- **PROBLEM DESCRIPTION**: Retype, exactly as they appear below, the lines between the line holding "Frame Mockup, Blue" and the line holding "Couple with long stem bouquet", both ends included.

- **GIVEN RECORDS**:
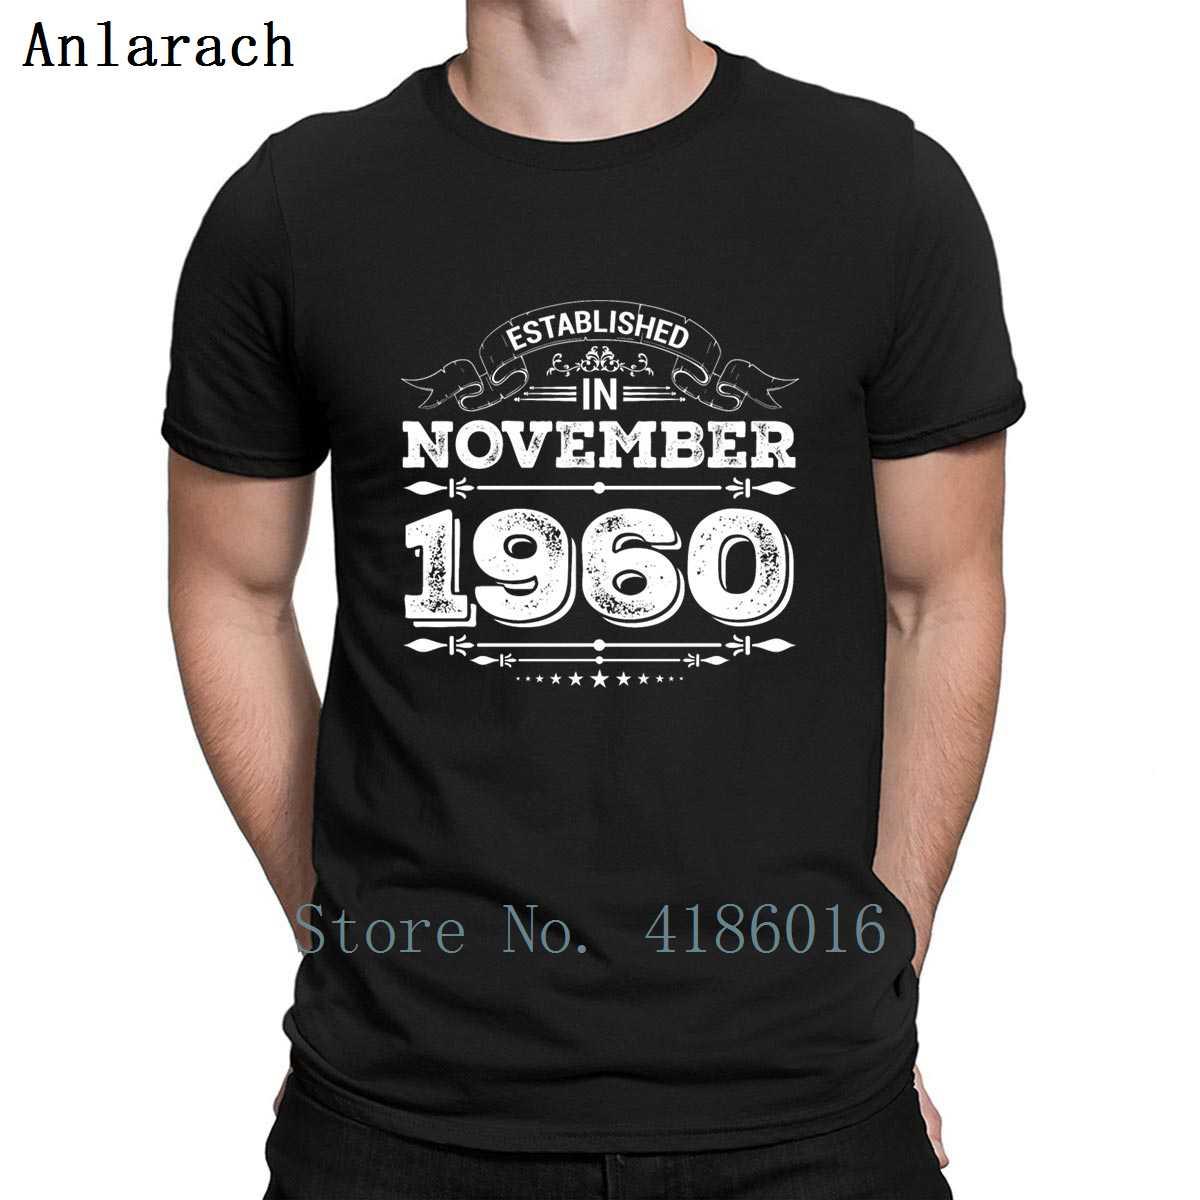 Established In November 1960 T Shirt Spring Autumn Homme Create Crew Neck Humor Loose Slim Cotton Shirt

---

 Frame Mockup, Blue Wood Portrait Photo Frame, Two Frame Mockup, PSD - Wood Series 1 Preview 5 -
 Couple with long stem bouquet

- **RESPONSE TO THIS EXERCISE**:
 Frame Mockup, Blue Wood Portrait Photo Frame, Two Frame Mockup, PSD - Wood Series 1 Preview 5 -
 Couple with long stem bouquet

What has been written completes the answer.